My first thought is, ignore all advice from people who haven’t actually used these new cameras – gee, including me.
OK, but you’re still here – so can I actually say anything useful? Maybe.
As an example, lets think about the EOS R, an apparently fatally flawed new camera – because of no IBIS, only one card slot, only 30 mp, from an old sensor, and that crop factor of 1.7 for video, well, really!
Except, lets put things in perspective. As I have no idea what’s important to you, I can only use myself as an example.
Some 90 percent of my work is done on tripod – IS, whether in body or in lens is irrelevant most of the time. The rest of my photography is almost all people pictures – and guess what I’ve discovered over the years. The limit to low shutter speed isn’t my hand holding ability it’s the fact that people especially kids move around, a lot. Last night shooting at my railway meeting, I used 1/100 second with a 35 mm. equivalent lens of 90 mm. – so one over the reciprocal. Now, I’m soon to be 69 and probably the in body IS of my Olympus did in fact help a bit, but it was hardly a deal breaker. So the lack of in body IS on the EOS R wouldn’t be that big a deal – nice yes, essential probably not.
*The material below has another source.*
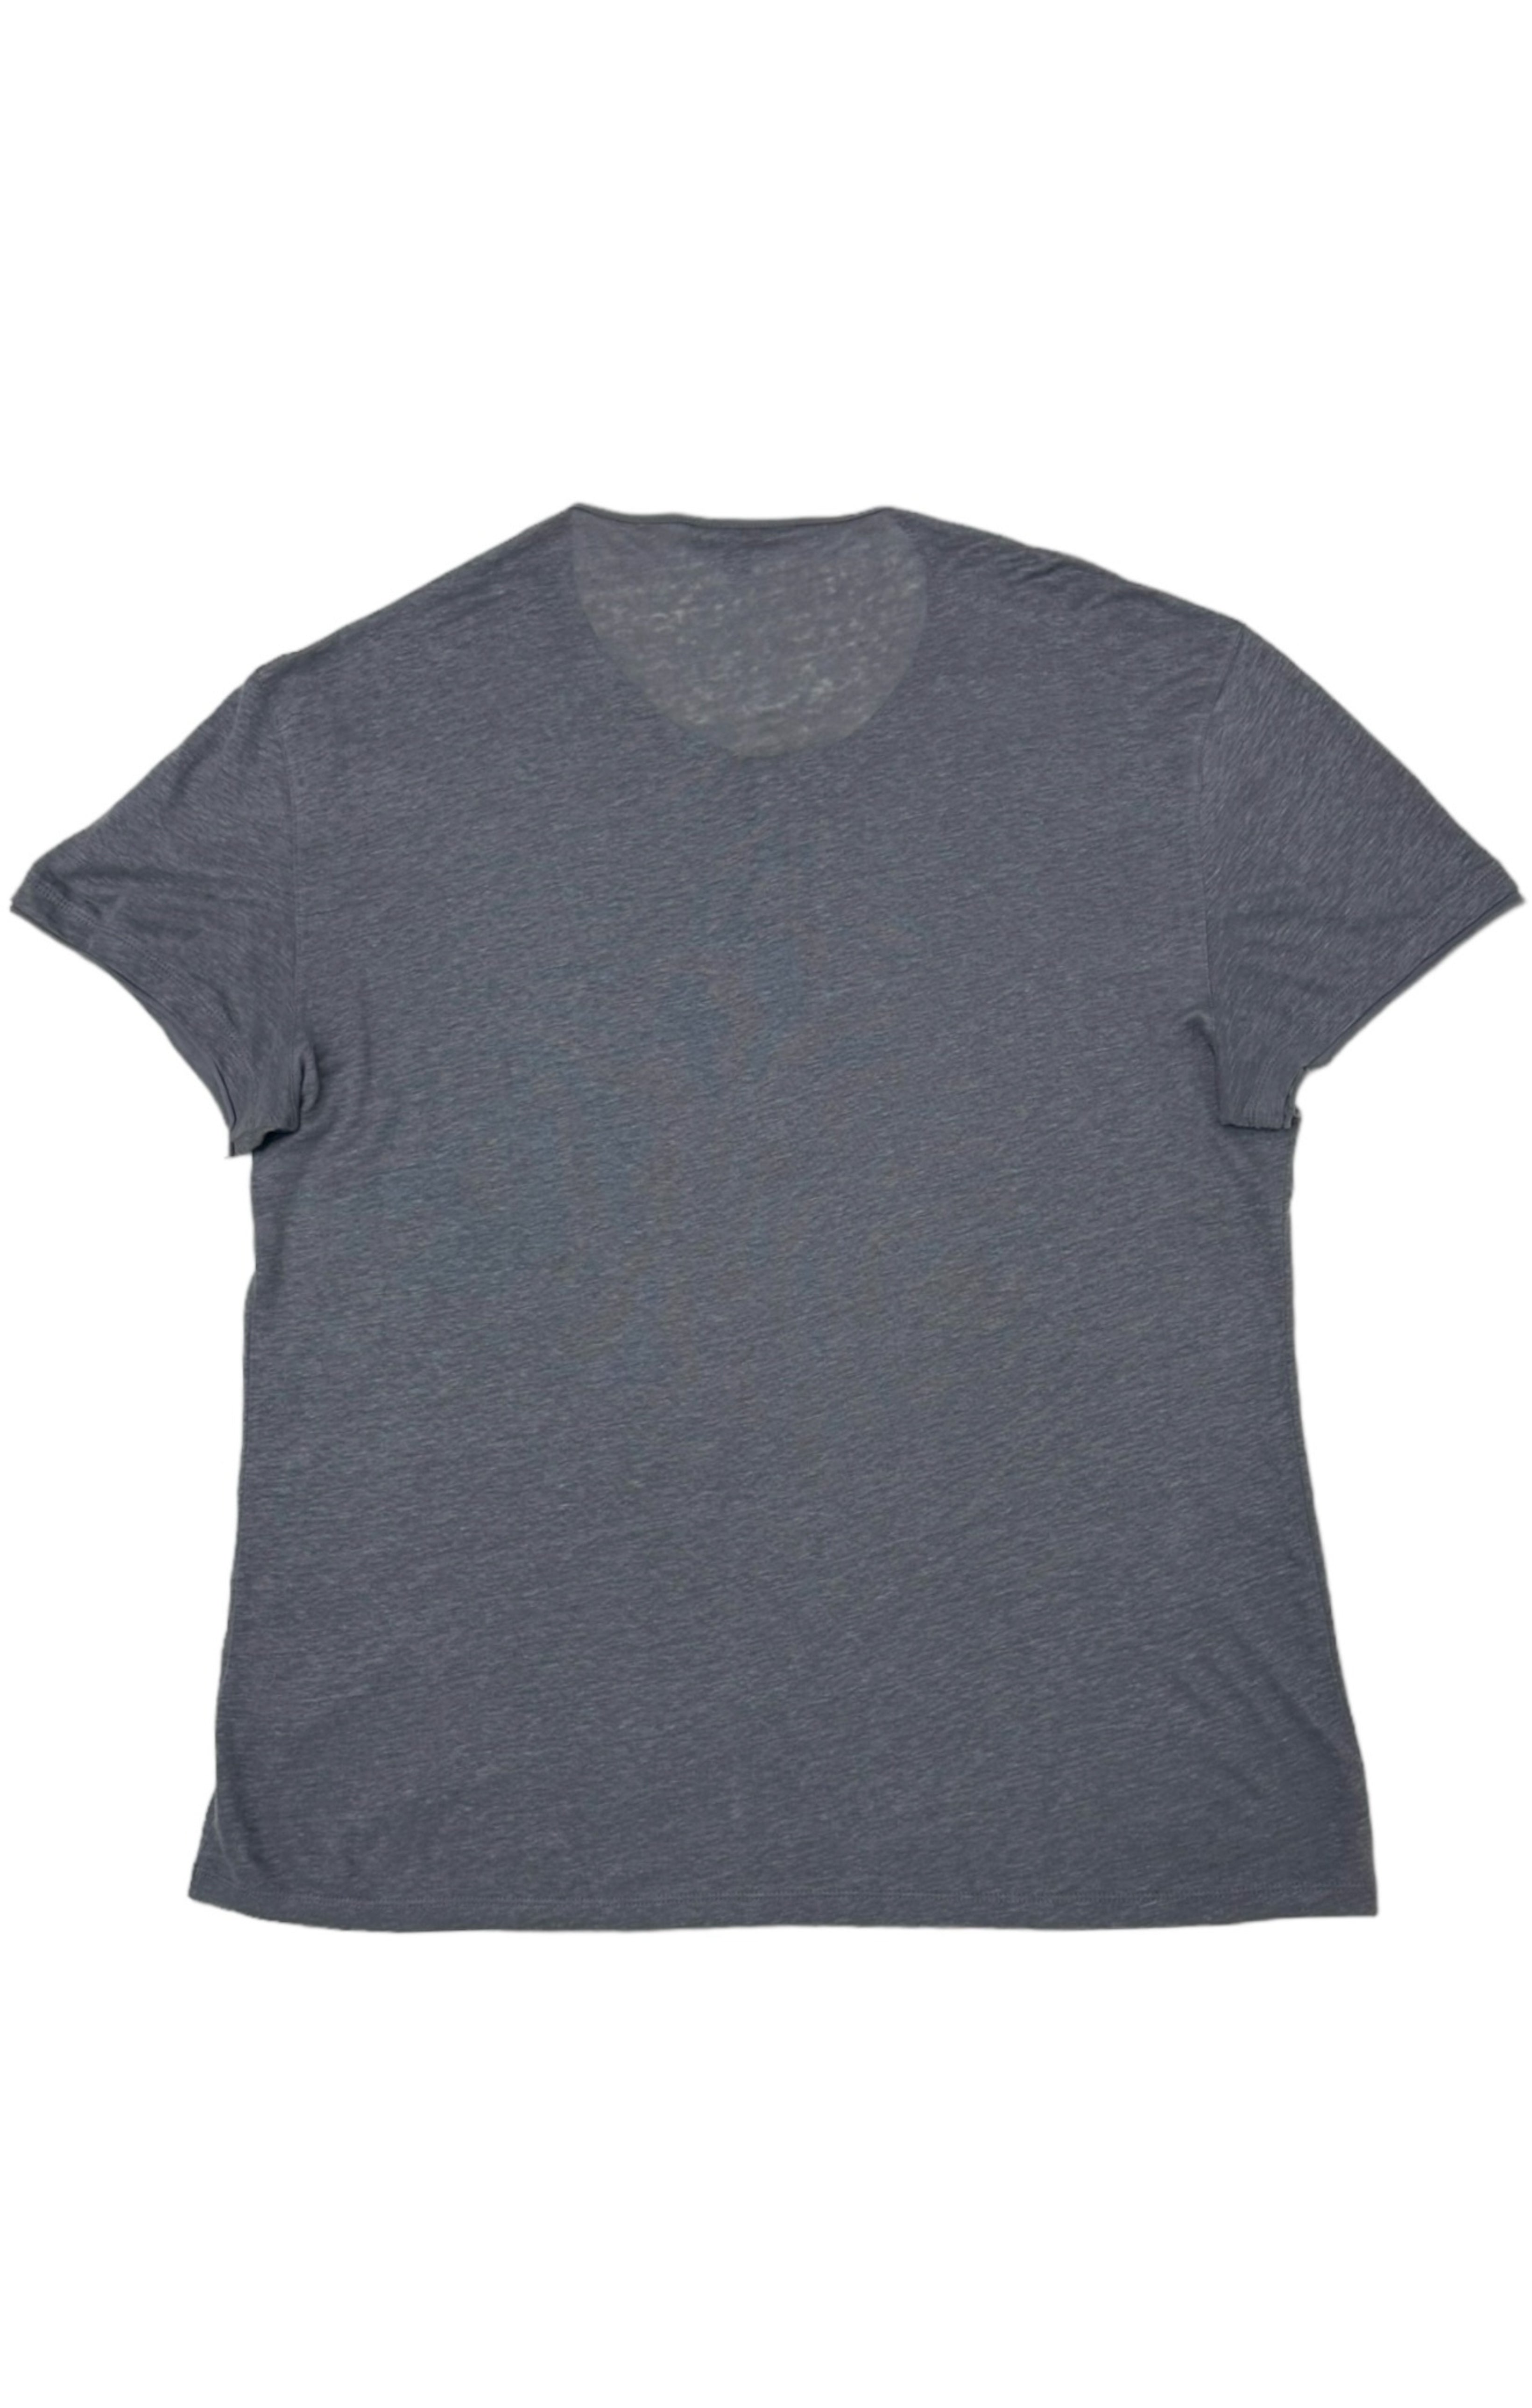 JOHN VARVATOS Shirt Size: XL

That video crop factor – but I don’t shoot video – why should I care?
One card slot – well I don’t shoot weddings, and rarely shoot in situations that are entirely irreplaceable. Combine that with the last card failure was about 2006 and even then I was able to rescue 95% of the images on it, not a huge issue. I worry more about dropping an SD card to where I can’t retrieve it – in a stream or down a cliff – but with the size of them these days, I only change cards at home – so again not a problem- though I’d still prefer a larger card – say the XQD of the new Nikons.
That 30 mp sensor – it should be plenty for me, but truth is, I am a pixel peeper, and having come from higher res (Pentax 645Z, Fuji 50S, Olympus Hi-Res Mode), I don’t think I’d ever be happy – so for me this probably should be a deal breaker. But for many people, and in fact probably most sensible people, 30 MP is plenty – capable of producing lovely 30 inch prints. But I do occasionally sell 60 inch prints.
There has never been a perfect camera – and there never will. For one thing, manufacturers don’t want to make a perfect camera – the’d kill off sales of newer models, possibly for years. Sony has been delaying new models waiting to see what the competition brought out – and now, finding that they are not a great threat, may well delay further.
Canon has known for years that a fully rotating LCD screen is very handy, but delayed putting it in their top models, because they didn’t have to = people were buying the cameras anyway, and their main competition, Nikon, didn’t have one either.
Besides, lets face it, we like buying new cameras.